For defaults not capable of being cured within 30 days, borrowers will request a “continuing cure” right such as the following:
Provided however that if the nature of the default is such that it is not capable of being cured within 30 days, then so long as the borrower is actively and continuously attempting to cure such default, the borrower shall not be deemed in default for such breach.
Even if the lender accedes to this request, the borrower should be prepared to accept an outside cut-off date by which the breach must be cured no matter the circumstances. Ninety days is a great result; 60 should be acceptable.
Pay close attention to cross-default provisions. It may well be that the loan facility under negotiation is not the first or only loan the borrower has with this lender. While the borrower may well view the two loans on a stand-alone basis, the lender often sees it differently. Cross-default provisions should be resisted wherever possible but can prove difficult to fend off.
Material Adverse Change
Although Article 1-309 of the Uniform Commercial Code permits “general insecurity clauses” so long as the lender exercises them in good faith, the borrower should vigorously contest any such provision. The borrower argues that such a provision affords the lender far too much control and, further, that the standards for acceptable financial performance have already been spelled out in the financial covenants. Many lenders will delete this clause but, if unwilling, may be persuaded to move to objective tests rather than subjective ones (e.g., an X percent decline in net operating income for two consecutive quarters or a Y percent decrease in the net worth of the borrower as reflected on the audited financial statements).
Beyond the suggestions outlined above, most experienced borrowers’ attorneys spend little time on the remedies section. By the time a lender has finally decided to accelerate the loan, it is difficult to argue there should be further contractual impediments to its exercise of remedies. Most lenders summarily dismiss such requests arguing that the borrower’s best course of action is to repay the loan as agreed.
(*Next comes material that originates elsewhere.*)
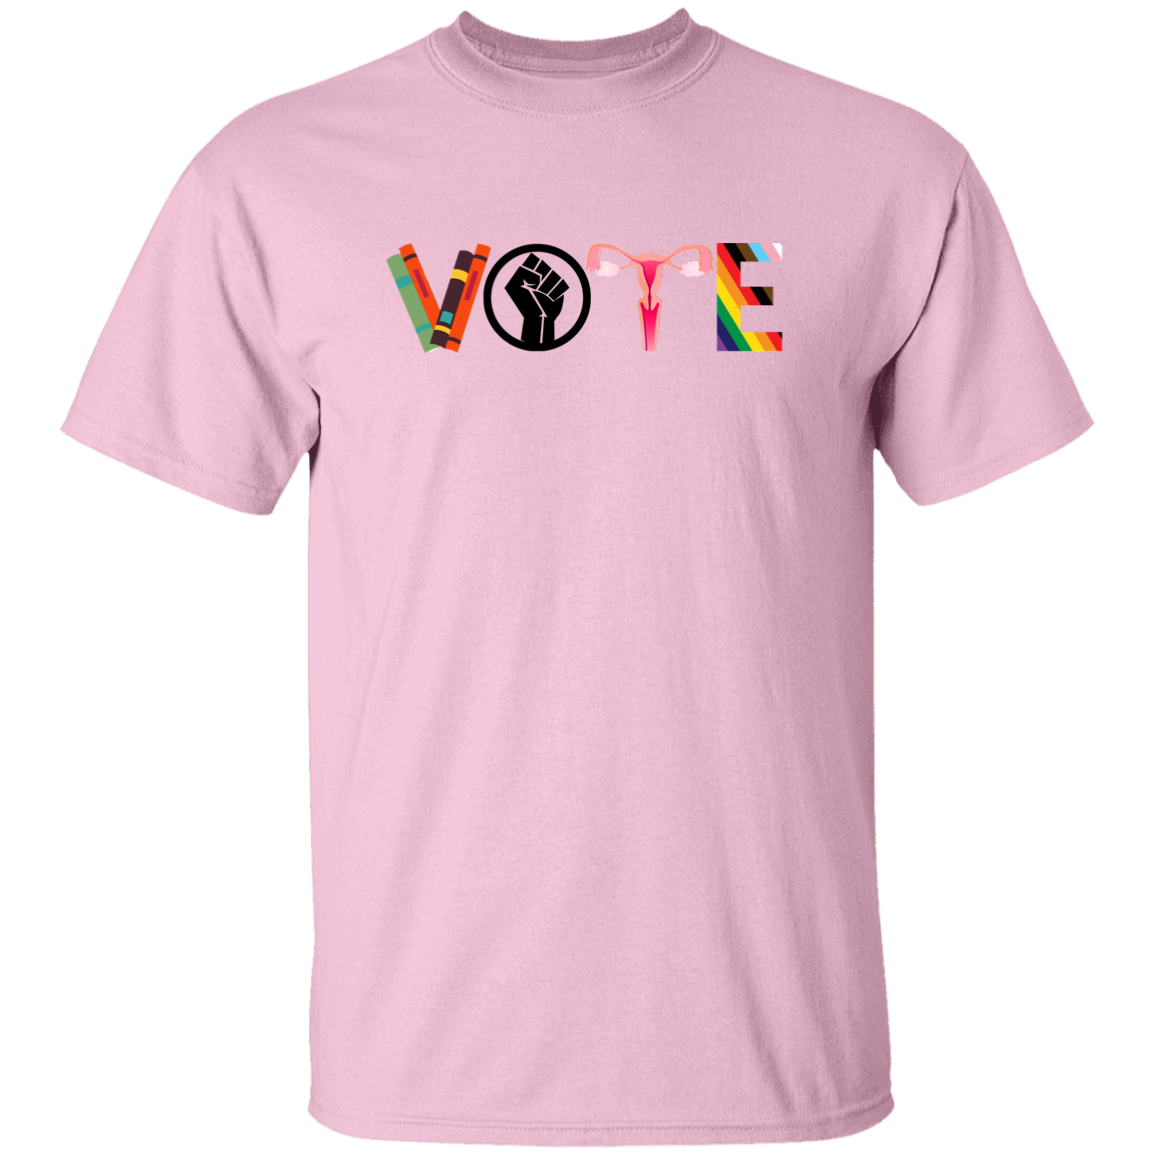 Bedre Bounce dybde VOTE T-Shirt | Banned Books Tee, Reproductive Rights Tee, BLM T-Shirt, -  Women Speak Store

In loans with substantial personal property as collateral, however, parties will often negotiate the standards for a “commercially reasonable sale”–as contemplated by section 9-603 of the UCC. Borrowers may seek to obtain as long as 21 days prior notice of an Article 9 disposition, but 10 days is a realistic expectancy.
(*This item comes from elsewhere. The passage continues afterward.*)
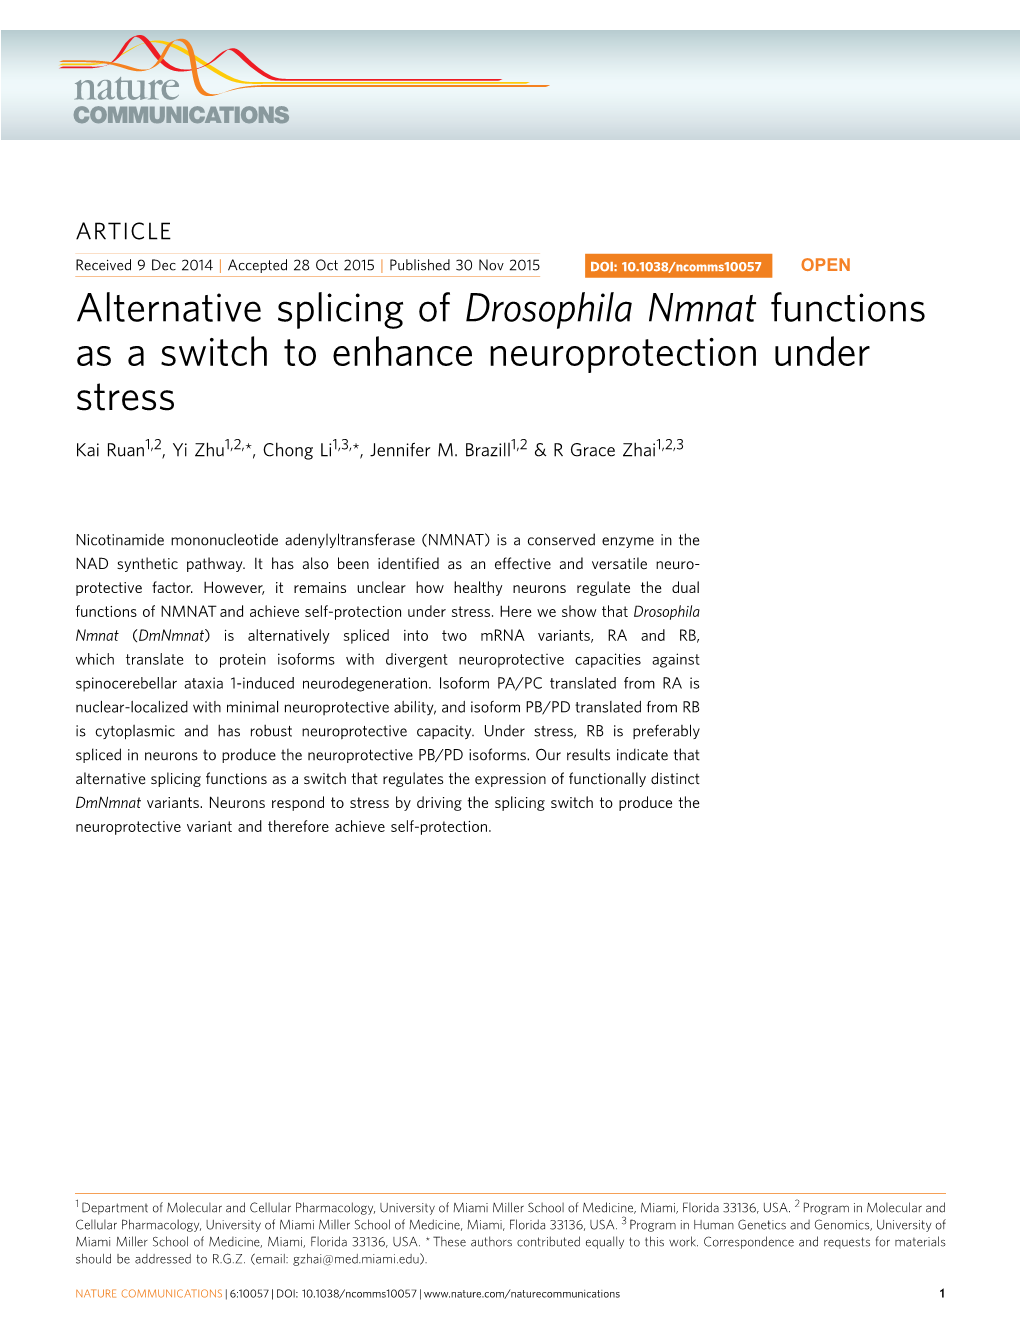 Alternative Splicing of Drosophila Nmnat Functions As a Switch to Enhance Neuroprotection Under Stress

In a syndicated (multi-lender) loan, it is important to resist provisions providing contractual rights of setoff. Generally the law permits setoff only if there is mutuality (i.e., the same two parties owe each other money) and both obligations are fully mature. But in a syndication with participations, only the lead lender is in contractual privity with the borrower. No participants have a right of setoff unless the borrower contractually grants them one. Borrowers often do not know the identity of all (or any) of the loan participants so should not risk discovering that an account has been set off because one if its depositary banks was an unknown participant. Contrast this situation with a “co-lending” agreement in which each of the co-lenders is in direct privity with the borrower. It will be futile to resist setoff rights here.
Even after the major deal points have been finalized in the loan commitment, the loan agreement itself remains to be negotiated. While large portions will always remain off limits, the borrower must still choose its battles wisely and attempt to pare down the most objectionable portions of the document.